Modica. Gli appuntamenti della tradizione religiosa cittadina e l’avvio di un percorso di valorizzazione del centro storico. La ricetta dell’Ascom

madonna vasa vasa 2

Rispetto delle tradizioni. Crescita del territorio. Valorizzazione del centro storico. Sono i tre punti cardine su cui intende puntare il direttivo della sezione Ascom di Modica. Lo spunto parte dai due imminenti appuntamenti – tra i più sentiti per la cittadinanza -: la Madonna “Vasa Vasa” ed il patrono San Giorgio.

“Questi due momenti distinti e in sequenza, nel rispetto di quelle che sono le tradizioni religiose e storiche del nostro territorio – afferma il presidente Moncada – ci hanno spinto a formulare una riflessione su come potere recuperare al meglio il centro storico che ha sempre bisogno di continue attenzioni. Siamo profondamente convinti di un determinato concetto e, facendolo nostro, rilanciamo alla comunità modicana quanto detto da Papa Francesco in questi giorni di visita a Mirandola: “I centri delle nostre città sono i luoghi della memoria storica e sono spazi indispensabili della vita sociale ed ecclesiale di ogni comunità”. Non c’è dubbio che – continua Moncada – il centro storico di Modica rientri a pieno titolo nell’alveo di questa raccomandazione.
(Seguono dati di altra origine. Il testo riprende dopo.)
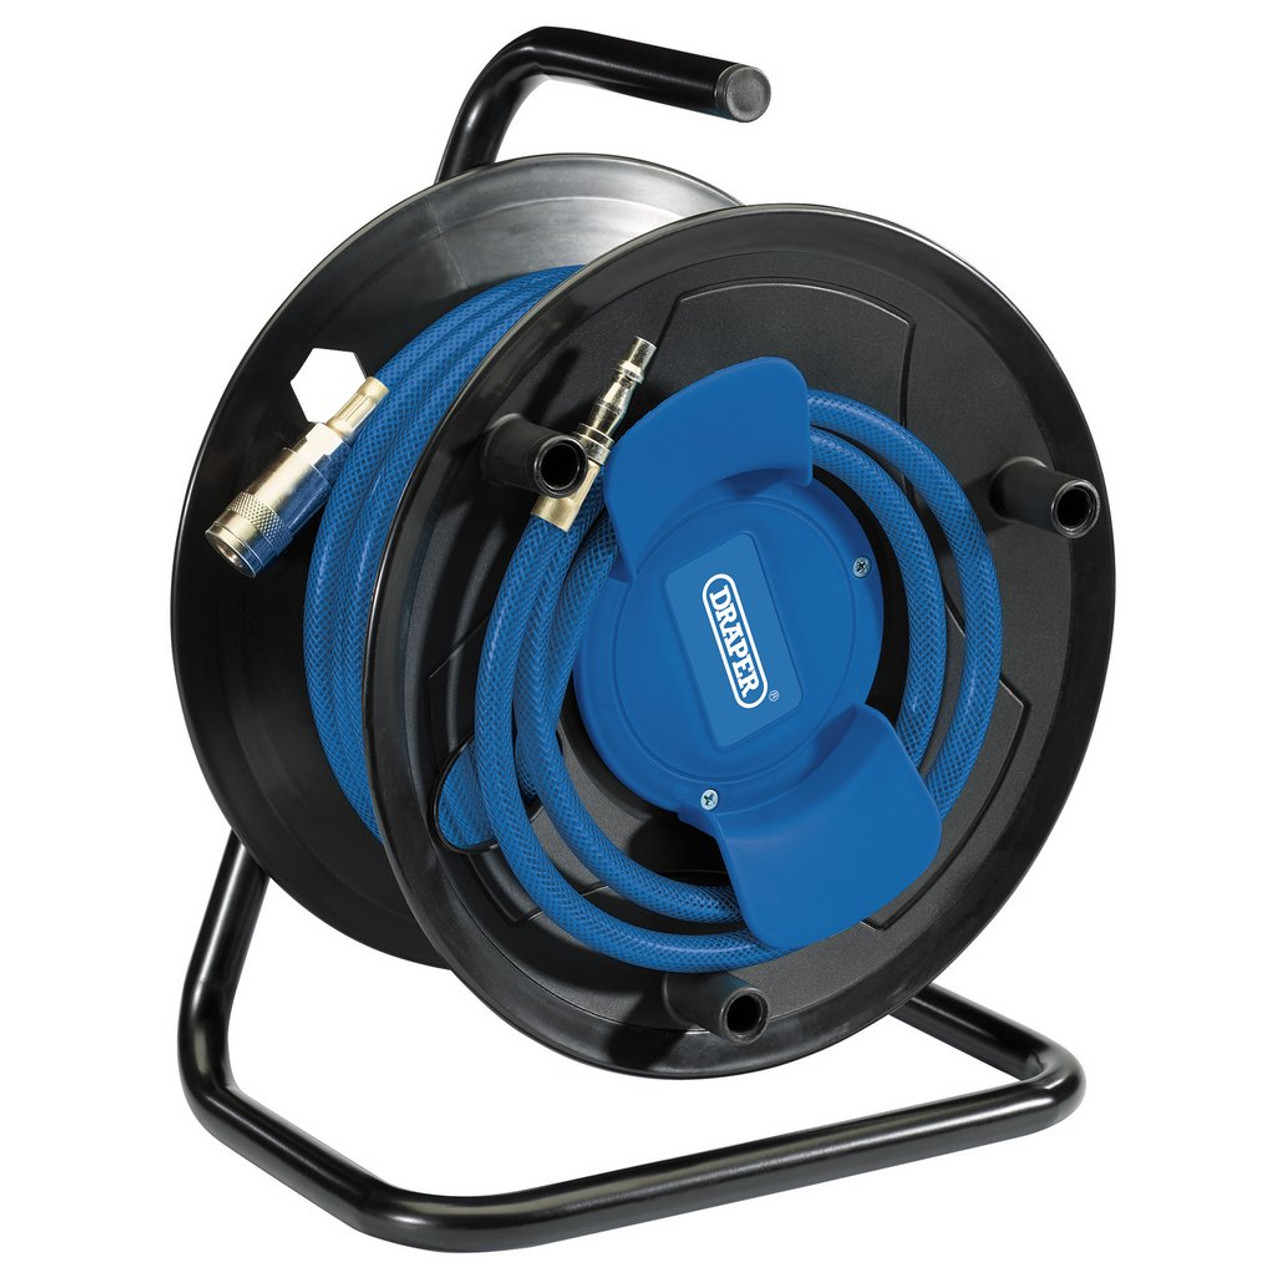 Brennenstuhl Hose Reel with 20m Water Hose (Spraying Nozzle

Modica è una città di tanta “memoria”: lavoriamo per preservarla e valorizzarla perché anche da lì può provenire il futuro dell’intera comunità. Oggi assistiamo ad un rinnovato momento di timida ripartenza del nostro centro storico ma ancora tanto è da fare. Vogliamo contrappore all’idea di un centro storico “museo” una parte di città viva e vegeta capace di raccontare il profumo della nostra storia ai novelli viaggiatori inebriandoli di odori e sapori in un contesto visivo di primissimo livello”.
Il presidente dell’Ascom di Modica aggiunge: “In questo senso chiediamo a gran voce politiche di ripopolamento che, partendo dall’amministrazione locale, coinvolga tutte le istituzioni. Nel frattempo questa vitalità viene mantenuta, da Modica Alta sino a Modica Bassa, anche grazie ai numerosi imprenditori del settore commercio e, prima che sia troppo tardi, è opportuno, nel medio e lungo periodo, progettare un’idea per pianificare degli investimenti. Sin da subito chiediamo di sostenere le attività commerciali facendo trovare pronta la città per l’attivazione di un progetto complessivo di accoglienza nei confronti di turisti e visitatori. L’intento è includente e proponiamo all’amministrazione e a tutte le forze attive della città (Consorzio Turistico, Consorzio del Cioccolato, alle numerose associazione culturali e a chi ha voglia di scommettersi senza personalismi e per il bene collettivo) un’attività a trecentosessanta gradi che fortifichi, sviluppi e trasformi energie singole in energia collettiva. E per questo motivo abbiamo già tenuto un primo incontro interlocutorio con l’assessore ai Centri storici, Giorgio Belluardo, con cui si siamo confrontati su questa come su altre idee similari. E contiamo, prima della Pasqua, di fissare altri elementi che possano sostenere il percorso in questione”.
Intanto, il programma della Pasqua modicana, a Santa Maria di Betlem prenderà il via domani, giovedì 6 aprile, e proseguirà sino a sabato 8, con la “Quarantore” e gli esercizi spirituali. In pratica, ogni giorno, alle 17 ci sarà l’esposizione eucaristica, alle 18,45 la benedizione eucaristica, quindi alle 19 la celebrazione della santa messa con la riflessione del predicatore, il sacerdote Carmelo Salvatore Asero, vicario giudiziale del Tribunale ecclesiastico e rettore del santuario diocesano di Sant’Agata al carcere in Catania. Nei pomeriggi dei suddetti giorni sarà, tra l’altro, possibile accostarsi al sacramento della Riconciliazione. Tutto ciò prima della domenica delle Palme e della Passione del Signore in programma il 9 aprile. “E’ uno dei momenti distinti – continua il presidente Moncada – di questo percorso che tiene in considerazione da un lato il rispetto della tradizione e dall’altro la creazione del progetto di cui stiamo parlando, e ancora in fase embrionale, destinato a coinvolgere tutte le forze sane e vive della nostra città”.